Let’s say you’re a Type A blood person. You’re going to produce antibodies to protect yourself against the B antigens. You see the shape of the antibodies that have the shape of the alternative antigen? Anti-B antibodies match spherical shape of the antigen A and vice versa. If you’re an O person, you produce one of each, some of the A antibodies and some of the B antibodies.
Rh Factor and RhoGAM injection
Another type of protein that is exposed on RBC, a different sort of family, is called a Rh factor. You either have it or you don’t. Above they show it as a square to have it as a different shape. The person who has the antigen D is positive and one who doesn’t, is negative. So someone could be Type A and Rh positive or negative for example.

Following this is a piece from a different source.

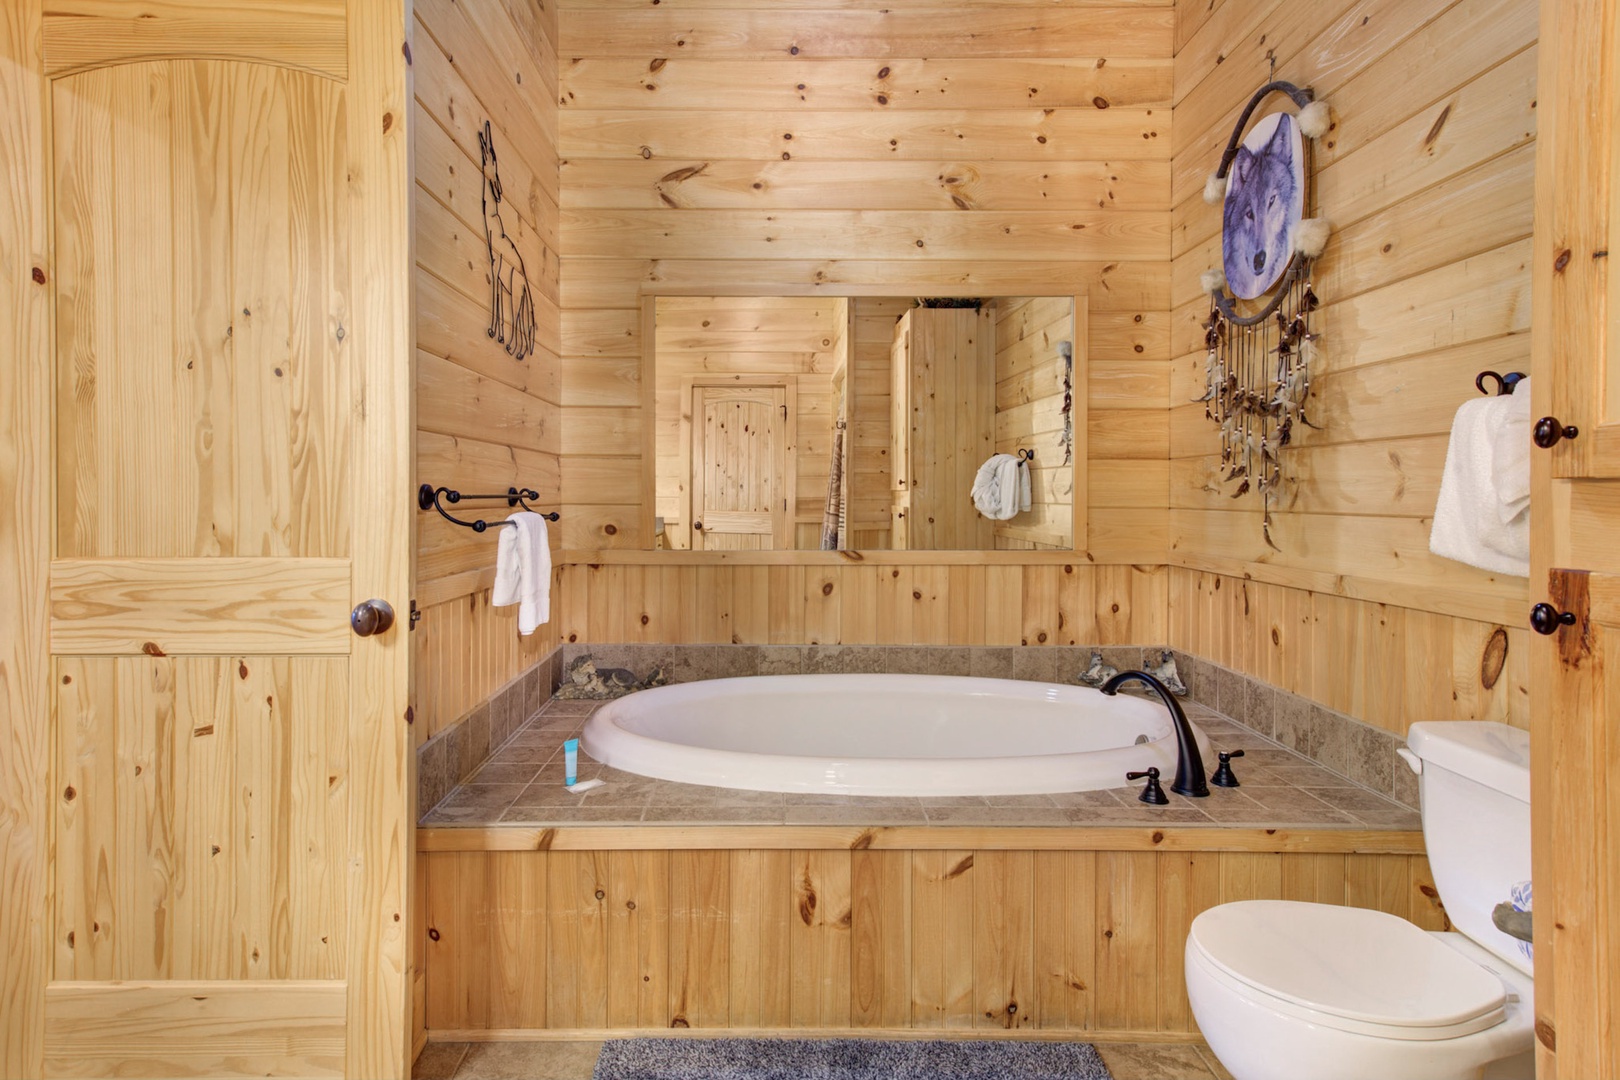 This Jack & Jill ensuite includes a single vanity, soaking tub, & shower

Rh factor is really only important in a pregnant woman. Let’s say a woman is Rh negative and the father of the baby gave the baby the genes to have a positive Rh factor. It’s okay because the babies blood isn’t mixing with the mothers or vice-versa. When it becomes important is when she gives birth to the baby because there’s a break in the blood systems and everything sort of tears a little bit and some of the blood cells from the baby could cross over into the mothers system at that moment of birth and if that sort of goes with no acknowledgement or treatment, the mothers system will recognize that and produce a bunch of these square antibodies to get rid of those. The Rh- negative mother will produce Rh antibodies upon exposure to Rh factor. These antibodies are going to be floating in the blood and if, on the next baby, the baby is Rh positive, the mothers system can cross over to the babies system and attack the baby. This wasn’t figured out until the early 1900’s and took even longer to figure out what to do about that. Those subsequent babies that were Rh Positive, if they even survived, lived a very short lifespan. This injection was created called RhoGAM that is given to the mother for the first child of the baby in the 2nd half of pregnancy and within 72 hours of birth to kill the Rh+ cells that have crossed into her blood stream to prevent her from making Rh antibodies. This way when she has her second baby it’s like starting fresh.
Agglutination Reaction aka clumping test
Our last thing is Agglutination. If you give the wrong blood type to somebody, they’re going to attack that blood and create clumps and problems. So we’re going to do this test in a test tube to see if there’s clumping or not. This is how you figure out what someones blood type is. Blood O can be given to anybody because there’s nothing on the blood cells for the person to attack. So Blood O person would be a “Universal donor” because it won’t cause any conflict with any recipients antibodies. The flipside of that would be somebody who is type AB. They carry both AB antigens, but no antibodies, so they can receive anyone’s blood because they don’t have antibodies to fight antigens. Type AB is known as a “Universal recipient.”